Я люблю смотреть, как на закате солнце освещает верхушку дома напротив. Тогда почти вся девятиэтажка получается серой, и только где-то под крышей белые лучи образуют слепящую вспышку с серебристыми, заклеенными фольгой стеклами. 
Еще я люблю декабрь. Но исключительно за то, что в декабре во всех супермаркетах, магазинах, киосках (и даже на улице!) продают хурму и мандарины. Хурму могу есть бесконечно. Килограммами и даже цент-нерами. Только обязательно после морозилки – чтобы не вязала. Люблю ее за вкусную мякоть, а мандарины – за запах детства. 
Люблю, чтобы в моем кошельке с коричневыми сердечками всегда были хоть какие-то деньги. Чтобы не париться, если, как вчера, вдруг ужасно понравятся черный топ с лаковыми бретельками и туфли на танкетке. В то же время мне весело и когда денег нет совершенно. Когда могу отправить Маринке бесплатное сообщение: «Этот абонент просит Вас перезвонить ему» – и получить в ответ: «Этот абонент просит Вас пополнить его счет». Засмеяться и даже через два района почувствовать, как вместе со мной хохочет она. У нас часто синхронно обнуляются счета. 
Обожаю звонить маме просто так. Спрашивать, как настроение. Интересоваться, слышала ли она самую честную песню про расставание: «Спорю с самим собой: чудак, ну давай дружить – как-то надо же жить, хлеб жевать, воду пить, болеть, глотать драже, комментить твой жж, настроение держать на восьмом этаже». 
Но не люблю договариваться о походе по магазинам на завтра. Или рассуждать о том, когда же, наконец, мы пойдем к стоматологу и что там у меня в универе. Как будто кроме общих бытовых забот нам и поговорить не о чем. 
Да, еще мне нравится, что я живу на восьмом этаже. Потому что с балкона видны макушки пятиэтажек. Рассматривать крыши сверху – почти то же самое, что и гулять по ним, вдыхая свежий весенний ветер. Перепрыгивать через маленькие антенны. И обходить стороной большие. 
Категорически я не люблю вареный лук, молочную лапшу, очередь в банкомат и людей, которые мне врут. 
А вчера, когда мы с Петей сидели в обнимку и разговаривали о самом главном, у него вдруг незнакомым номером зазвонил телефон. Он быстро взял трубку. 
– Але. Привет. Нет. Да. Ну, эээ... Мне неудобно говорить. Я тебе позже по-звоню, хорошо? Я немного занят. 

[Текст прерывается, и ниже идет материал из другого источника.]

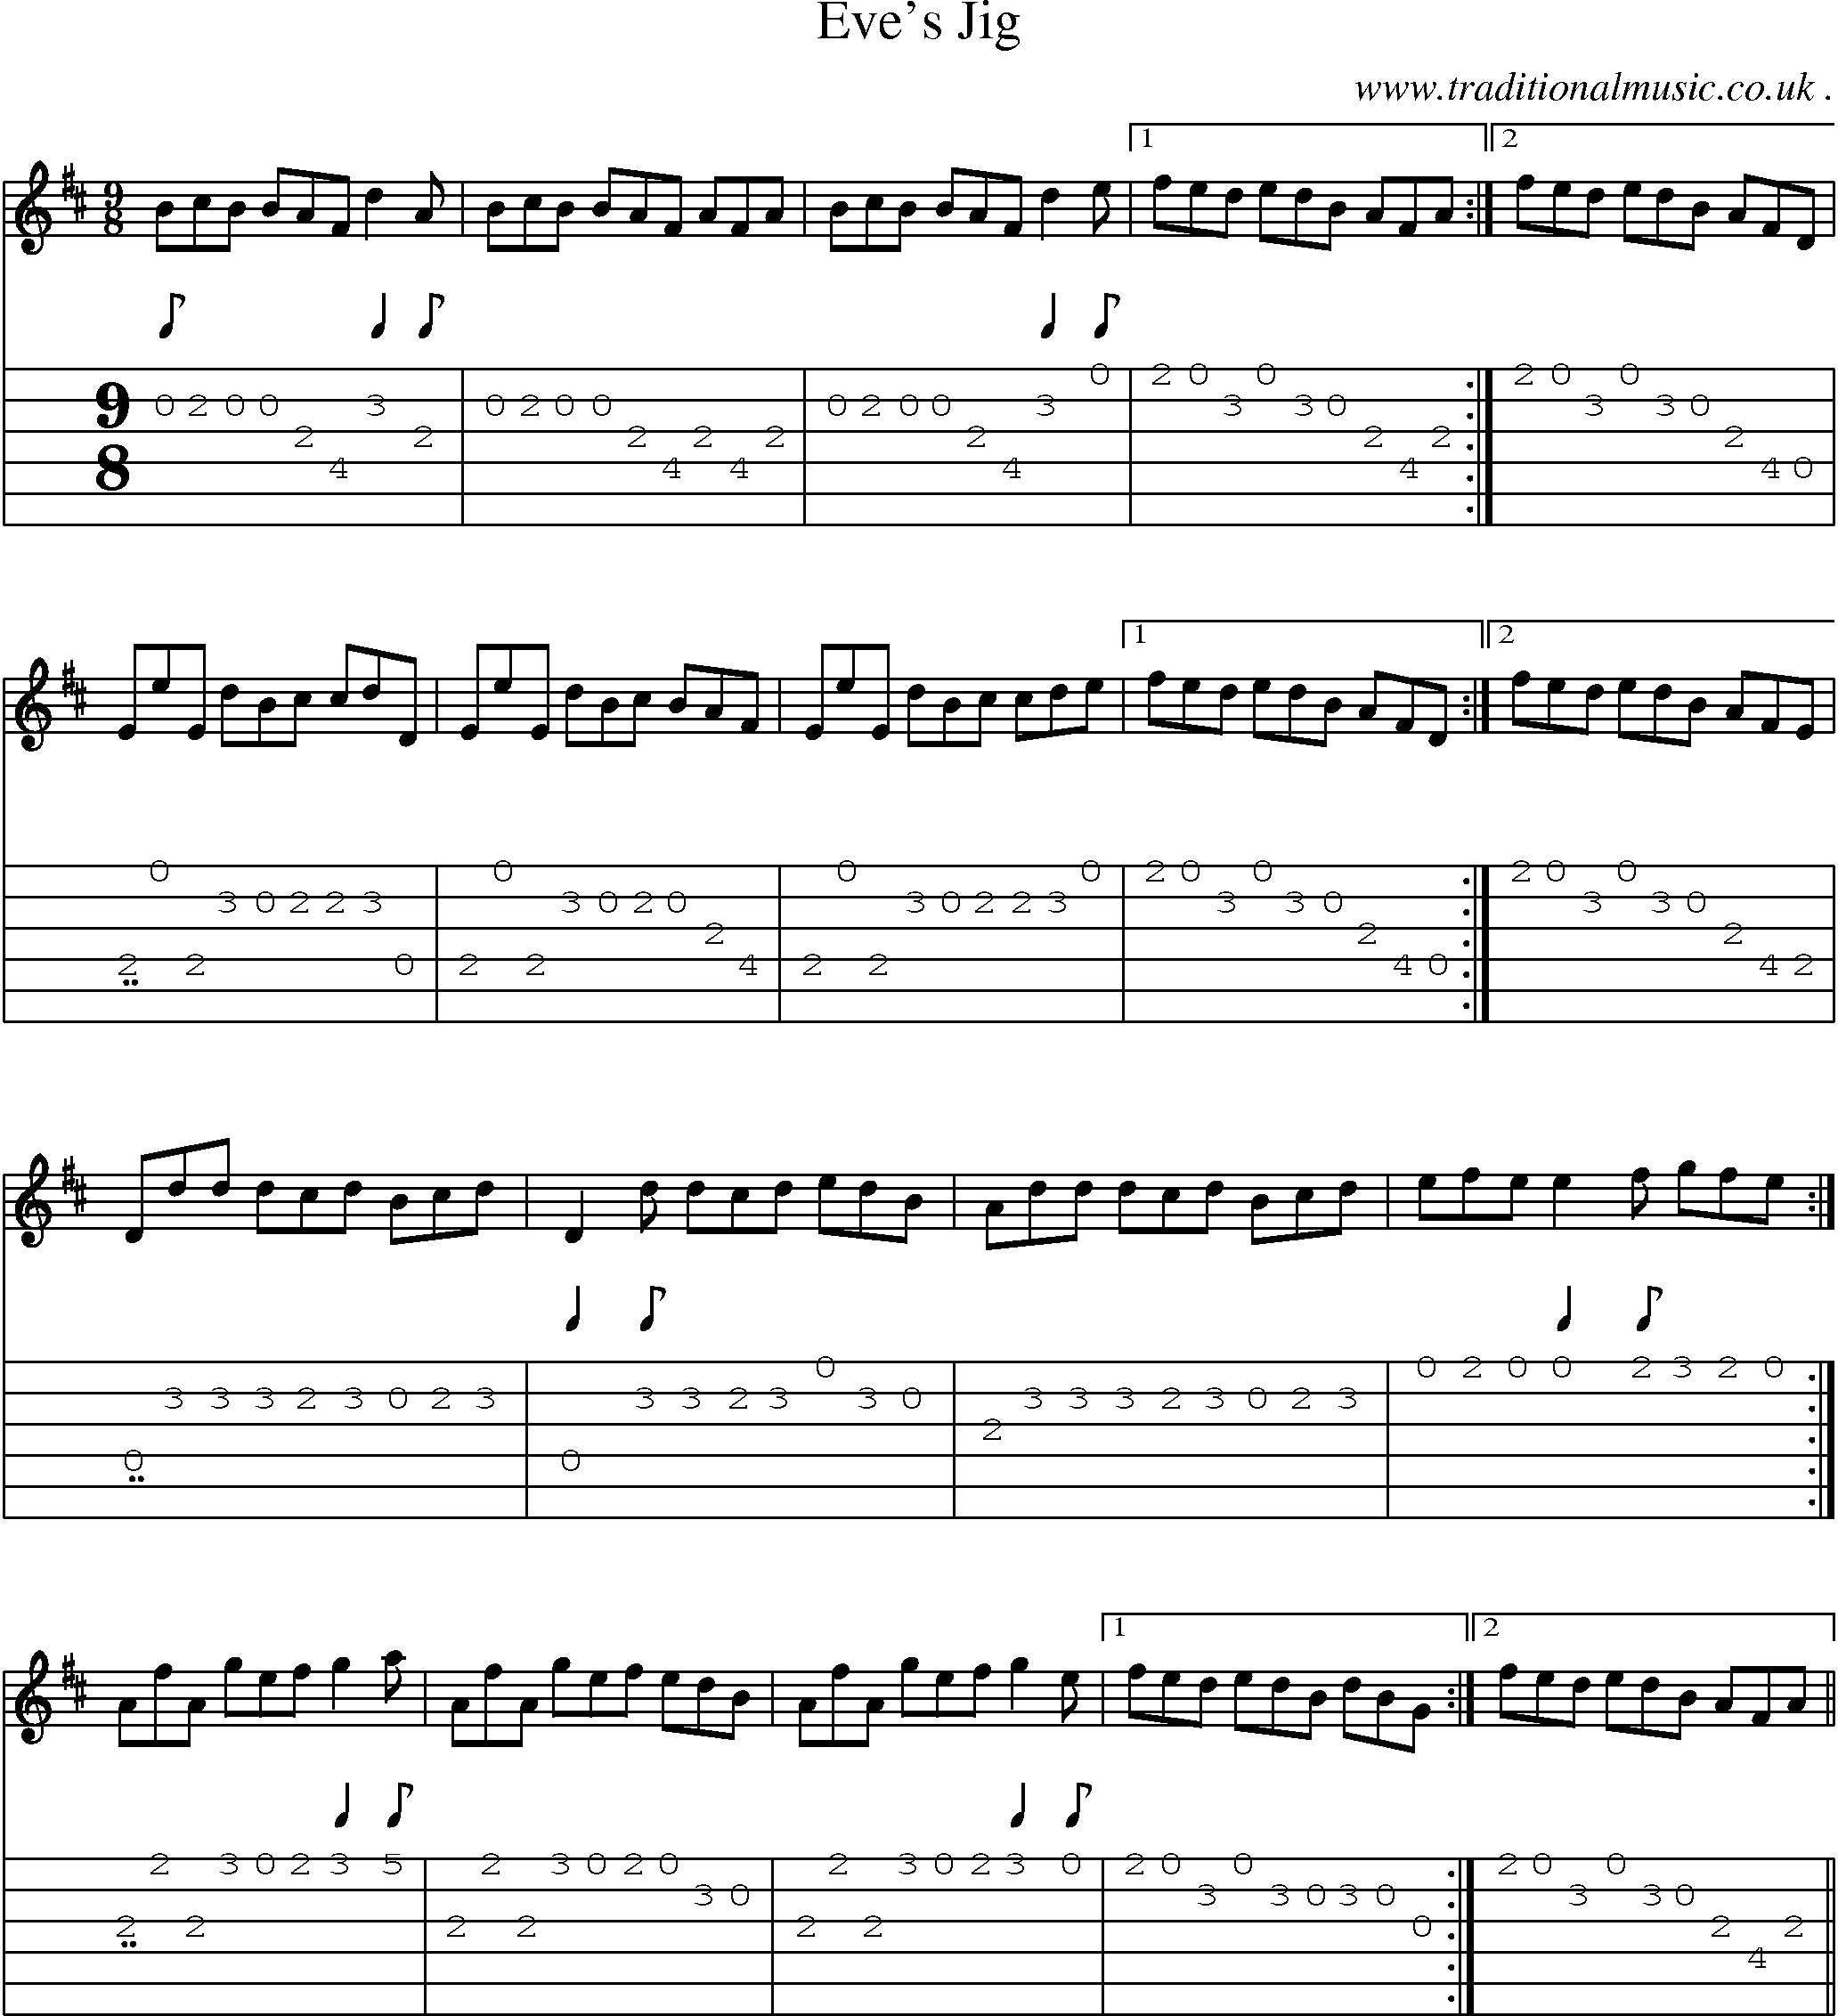 Sheet-Music and Guitar Tabs for Eves Jig

Я замерла, и внутри раздался неслышный «ах». Немного занят? Мысли сумасшедше замельтешили вокруг одной-единственной догадки. 
Я молча встала и ушла в ванную, чтобы он не успел заметить, как у меня на глаза наворачиваются слезы. 

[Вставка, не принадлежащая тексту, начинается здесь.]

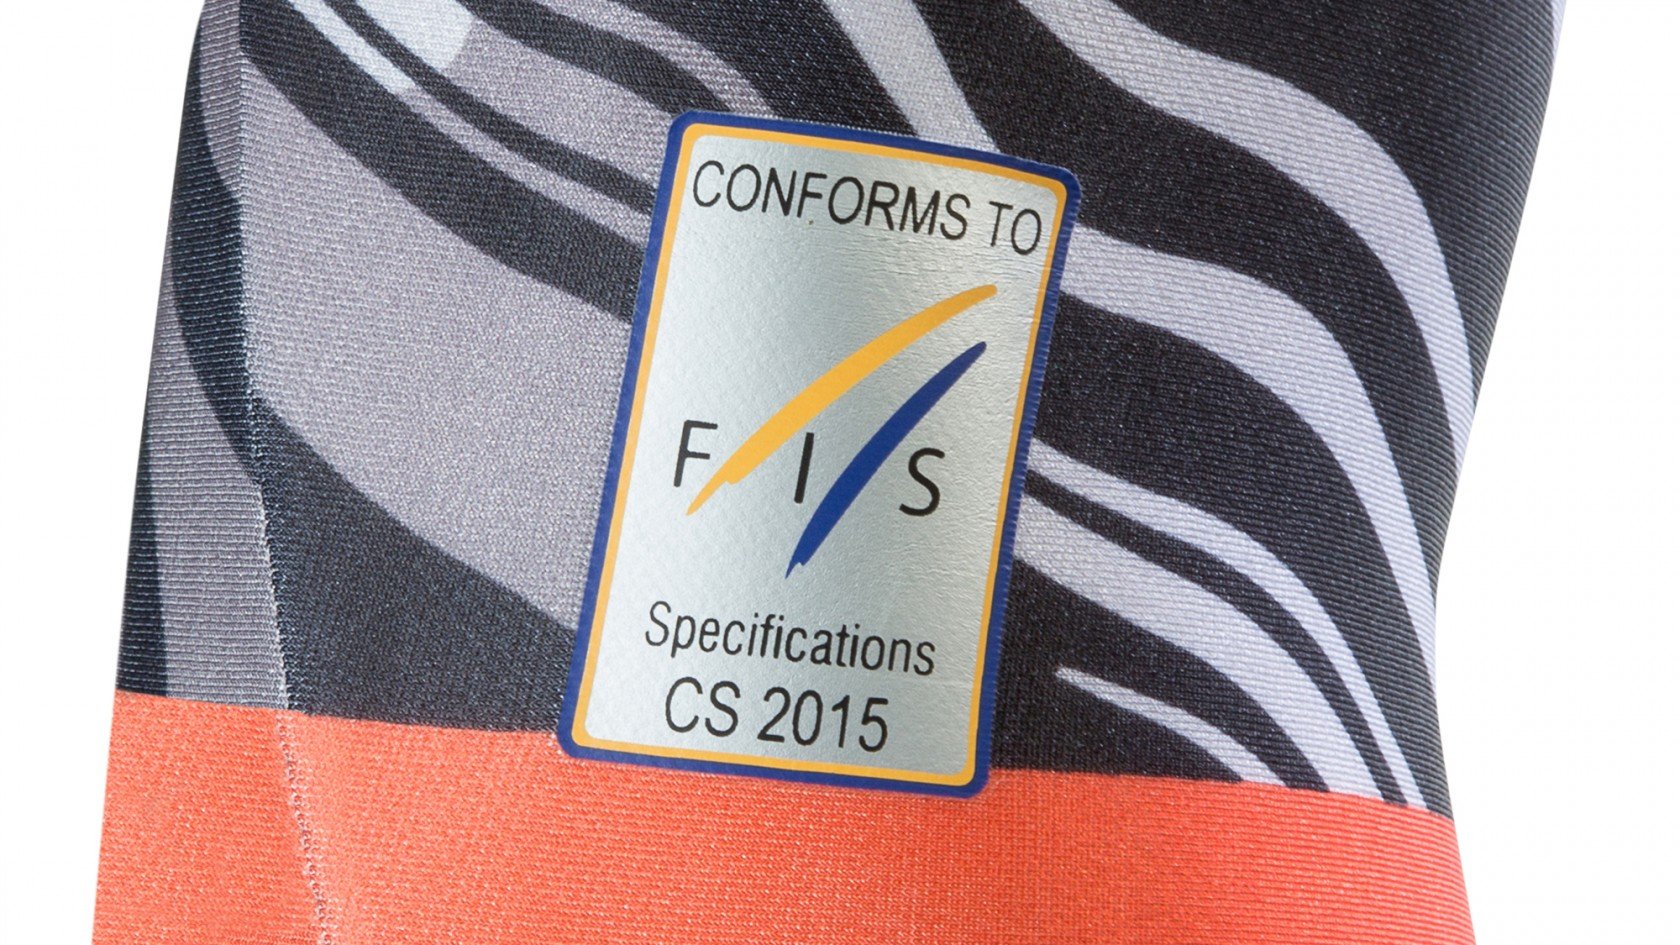 FIS CS 2015 conformity label proving a ski race suit is FIS approved.

Стараясь убить в себе истеричную девочку, я ничего не спросила об этом звонке. Только заторопилась вдруг домой: мне стала жутко неприятна его беспечная улыбка. 

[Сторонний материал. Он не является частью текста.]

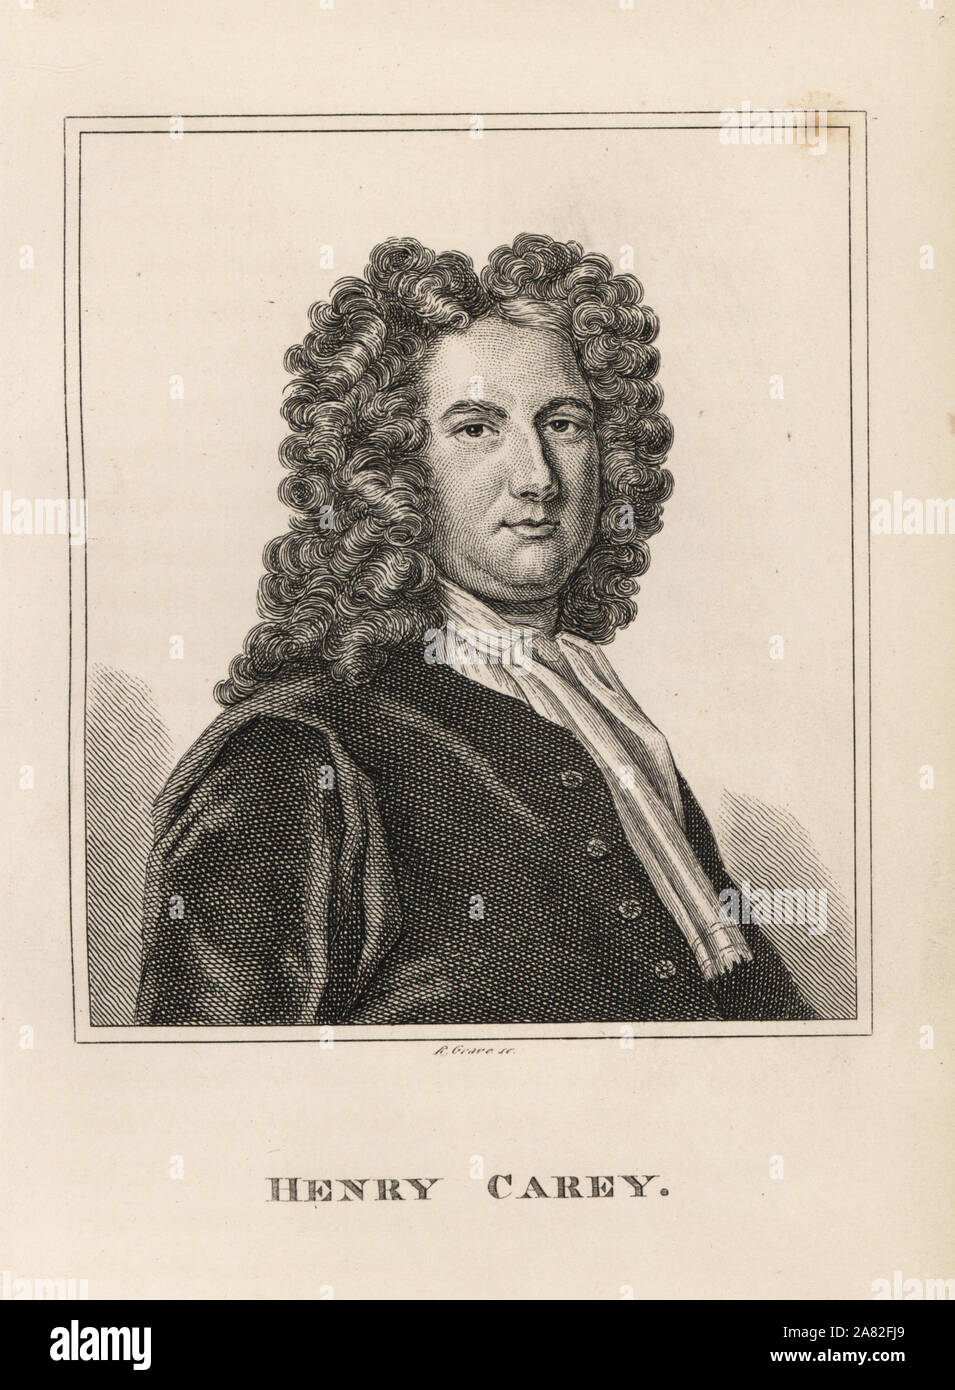 Henry Carey, illegimate son of George Saville, Marquis of Halifax, writer and composer. Engraving by R. Grave from James Caulfield's Portraits, Memoirs and Characters of Remarkable Persons, London, 1819. Stock Photo

Конечно, он не смог не заметить перемены в моем настроении. Но я объяснила все животом: 
– Живот болит. 
– Ты прямо как на физ-ре – все животом объясняешь. – Уголки его губ иронично поползли вверх. 
– Да нет, правда. 
– Ладно. Давай я тебя провожу. 
– Не надо. Я дяде позвонила, он приедет. 
– Ну, как хочешь. – Петя немного обиделся. 
Дома никого не было. Я застыла на кухне, у окна, уставившись на соседнюю девятиэтажку. Постепенно из светло-серой она стала совсем черной. Чем дальше уходили стрелки часов над обеденным столом, тем больше квадратов всевозможных оттенков желтого загоралось в доме напротив. 
Цвет окна зависит от напряжения лампочки – чистая физика. Я любовалась: внутри лимонных и оранжевых четырехугольников – вечная жизнь. Тоненькая брюнетка греет в микроволновке сок для своей дочки в носках и зеленой футболке до пят. Видимо, папиной. Двумя этажами выше маленькая светлая девочка и высокий темноволосый мальчик режут овощи на большой деревянной доске. Наверное, для салата. Чуть левее занавеска очень плотная. Просвечивается лишь длинная цепочка электрической гирлянды, которую кто-то (по всей видимости, очень довольный жизнью кто-то) все забывает снять с самых рождественских праздников. Счастливые часов не наблюдают.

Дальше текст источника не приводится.